There have been many class actions concerning the job title “Assistant Manager” and this malady has risen again.   The chain, Hooters, has been sued in a nationwide collective action that alleges the Company misclassified assistant store managers, calling them supervisors, in order to avoid paying overtime.  The case is entitled Stirewalt et al. v. Hooters of America LLC and was filed in federal court in the Northern District of Alabama.

Hooters Restaurant
By Ildar Sagdejev (Specious) (Own work) [GFDL or CC BY-SA 4.0-3.0-2.5-2.0-1.0], via Wikimedia Commons
The named plaintiffs allege that they worked up to eighty (80) hours per week but were never paid overtime due to their misclassification.  The claim they only had the title of Manager, but that their main duty was sales and not the supervision of at least two other employees, over whom they could exercise managerial authority.  They claim that when they did create schedules, they were “almost always changed,” according to the Complaint.  They claim that although they interviewed new job applicants, the recommendations they made were often ignored by their supervisors.
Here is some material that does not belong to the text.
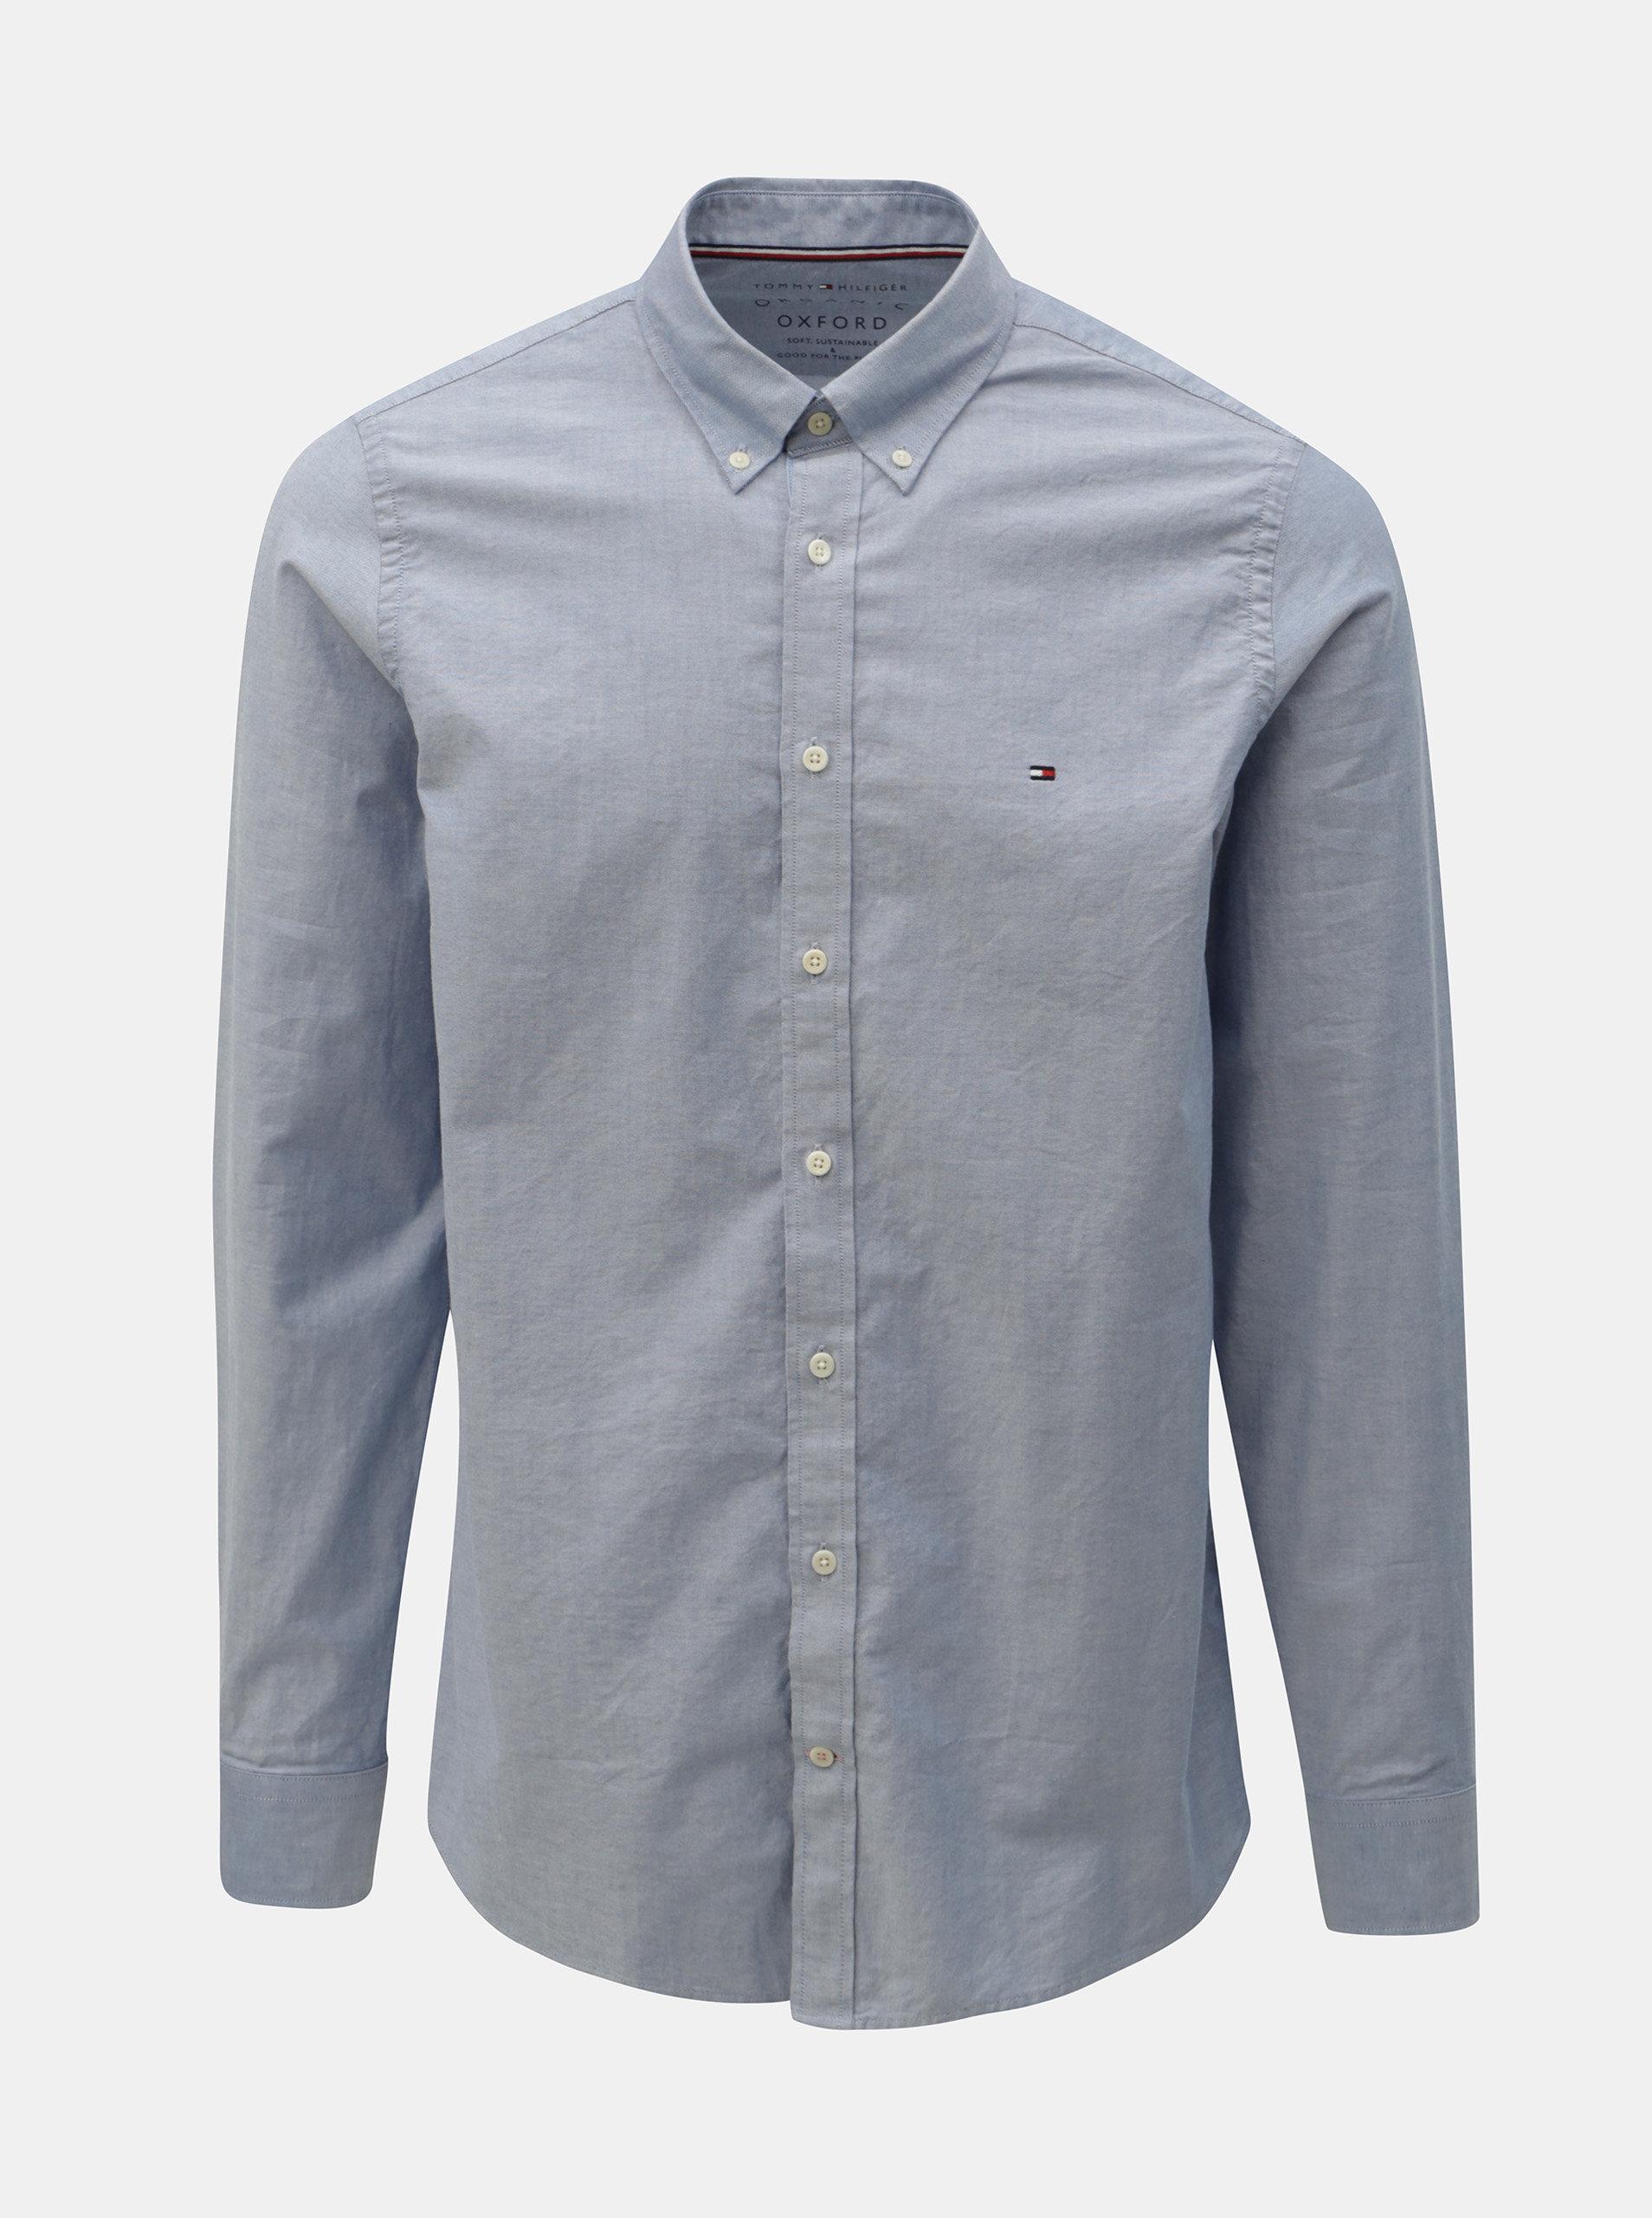 4194ebdd6e Modrá pánská slim fit košile Tommy Hilfiger ...

More significantly, the Complaint alleges fraudulent conduct by the Company. It alleges that the “defendants have intentionally and repeatedly misrepresented the true status of managerial compensation … to avoid suspicion and inquiry by employees regarding their entitlement to monies owed to them.  Plaintiffs, as well as other similarly situated present and former employees, relied upon these misrepresentations by defendants and [were] unable to determine [their] true status under the FLSA by the exercise of reasonable diligence because of those misrepresentations.”

The plaintiffs want notices to be sent to current and former assistant managers who worked at a Hooters store within the last three years.  This would allow these workers to opt in to the collective action.  The plaintiffs seek overtime, commissions, bonuses, vacation and sick time and, naturally, attorneys’ fees.

The Takeaway

I don’t mind these so much.  (Famous last words?)  These kinds of actions usually necessitate an individualized determination of the duties of the various employees and that is the death knell of a viable class action.  The problem is if they were subject to the same, uniform, system-wide policies, that would be bad.  But, at least from the start the defendant here has a legitimate, viable chance of defeating the motion(s) for class certification.